TASK OBJECTIVE - Pictures stay out; please output the remaining data exactly.

DATASET EXCERPT -

Segment Open

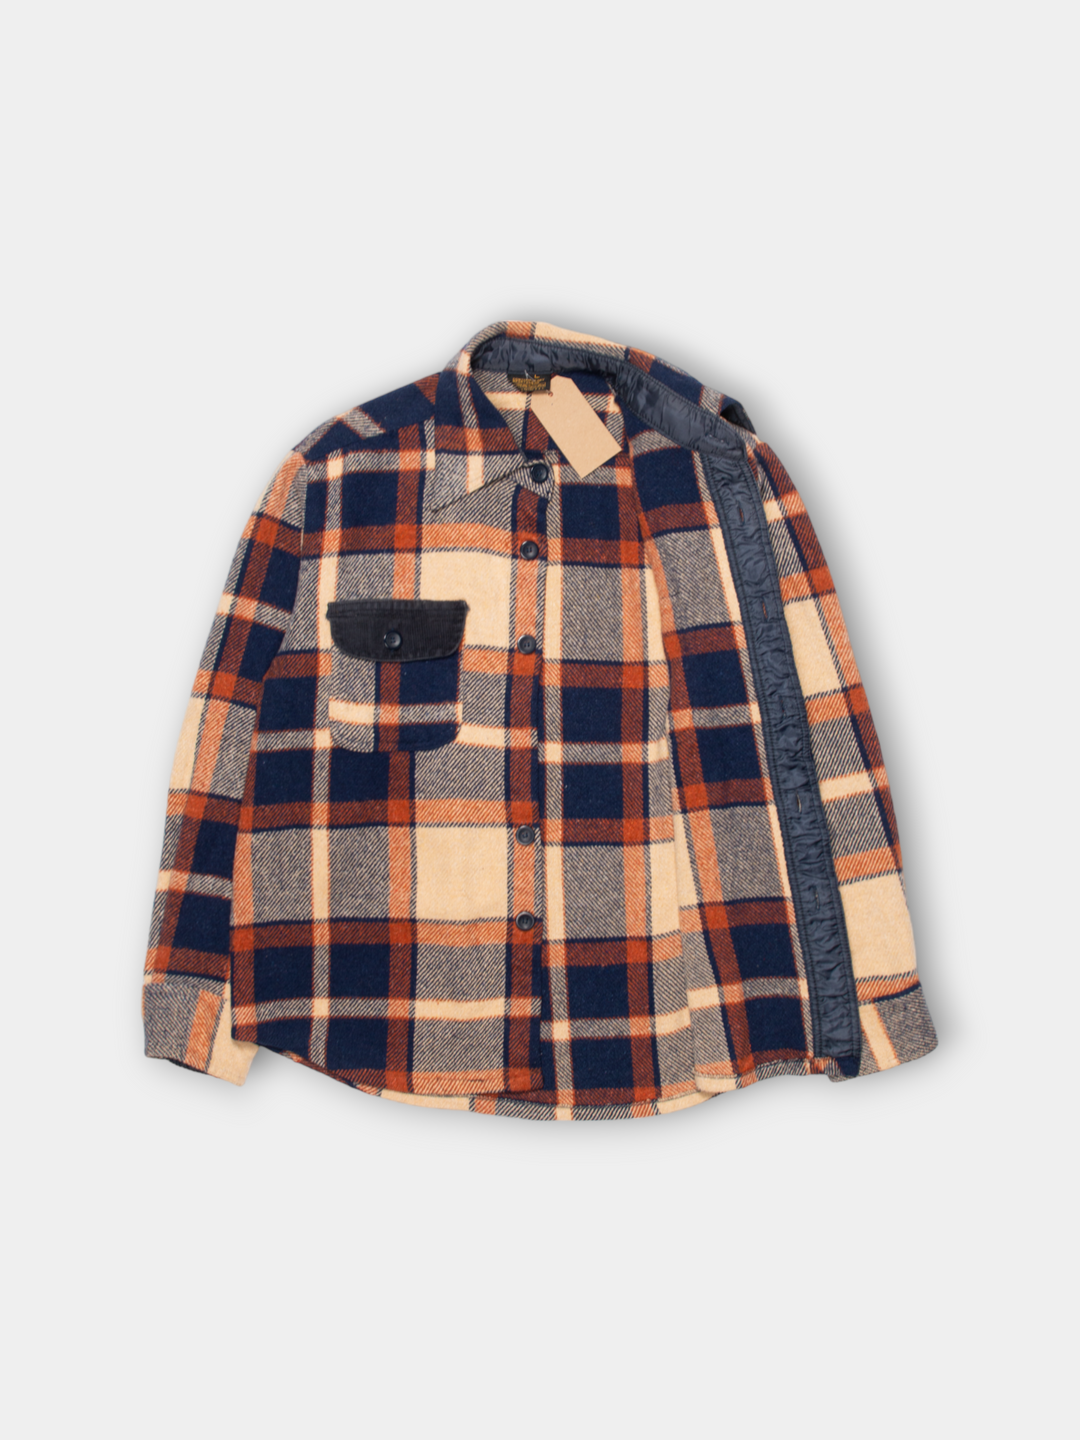 70s Sears Heavy Flannel Wool Shirt Jacket (L)
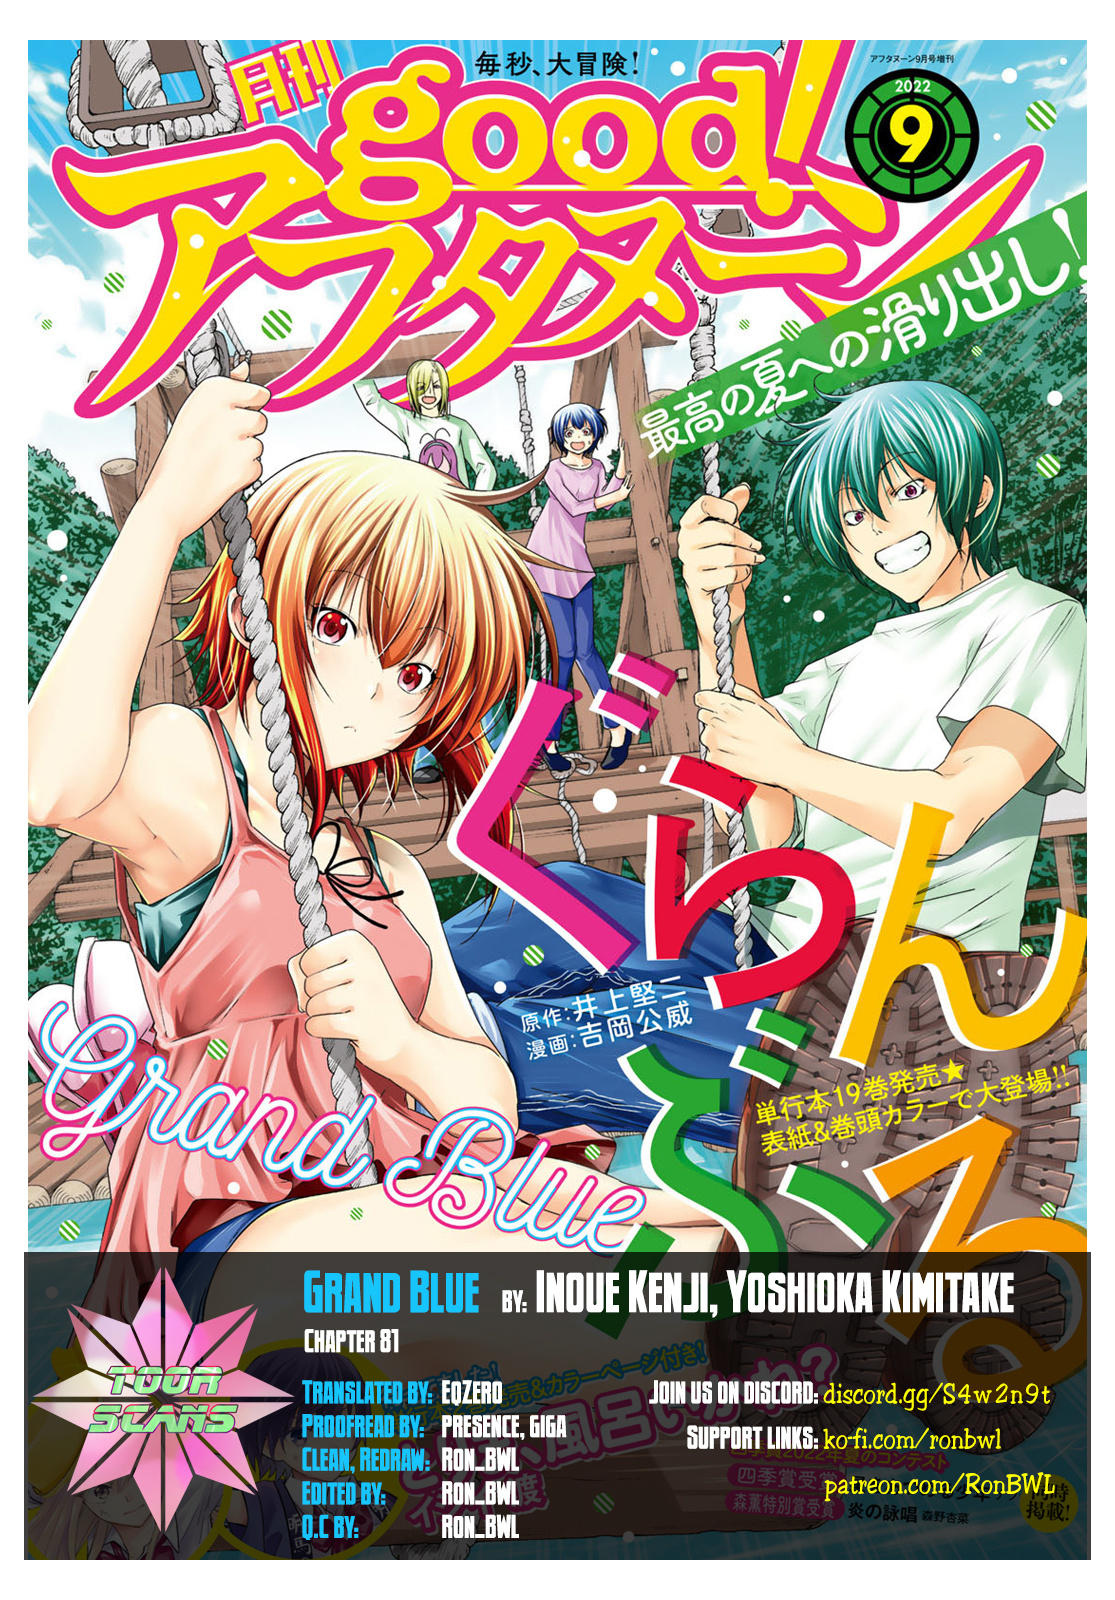 Grand Blue Dreaming Manga Volume 18
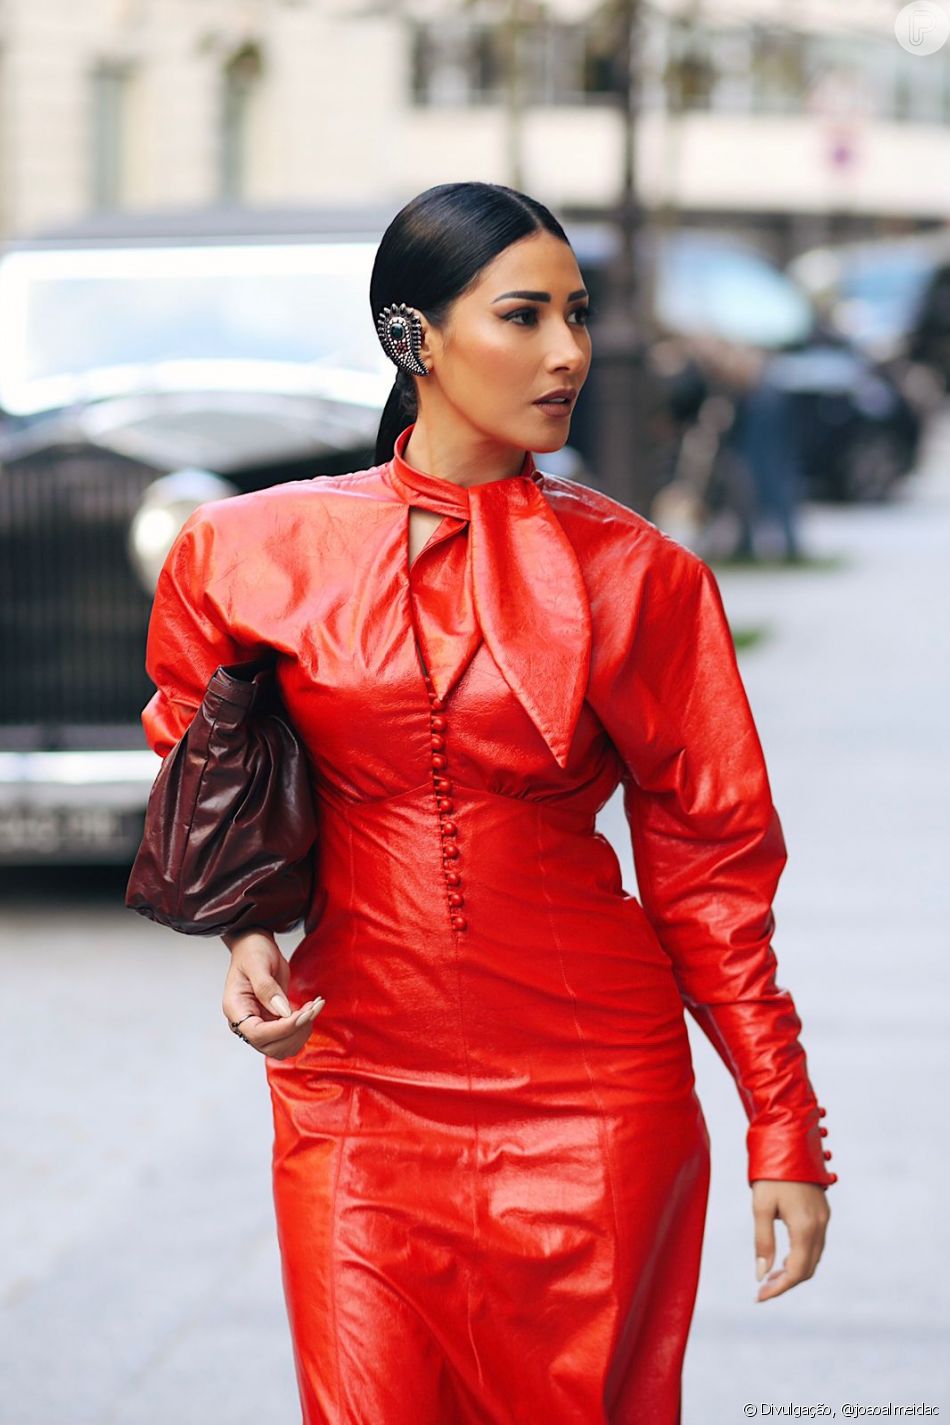 Simaria compareceu à Semana de Moda de Paris usando um vestido vermelho longo

Segment Closed

TASK RESPONSE -
 70s Sears Heavy Flannel Wool Shirt Jacket (L)
 Grand Blue Dreaming Manga Volume 18
 Simaria compareceu à Semana de Moda de Paris usando um vestido vermelho longo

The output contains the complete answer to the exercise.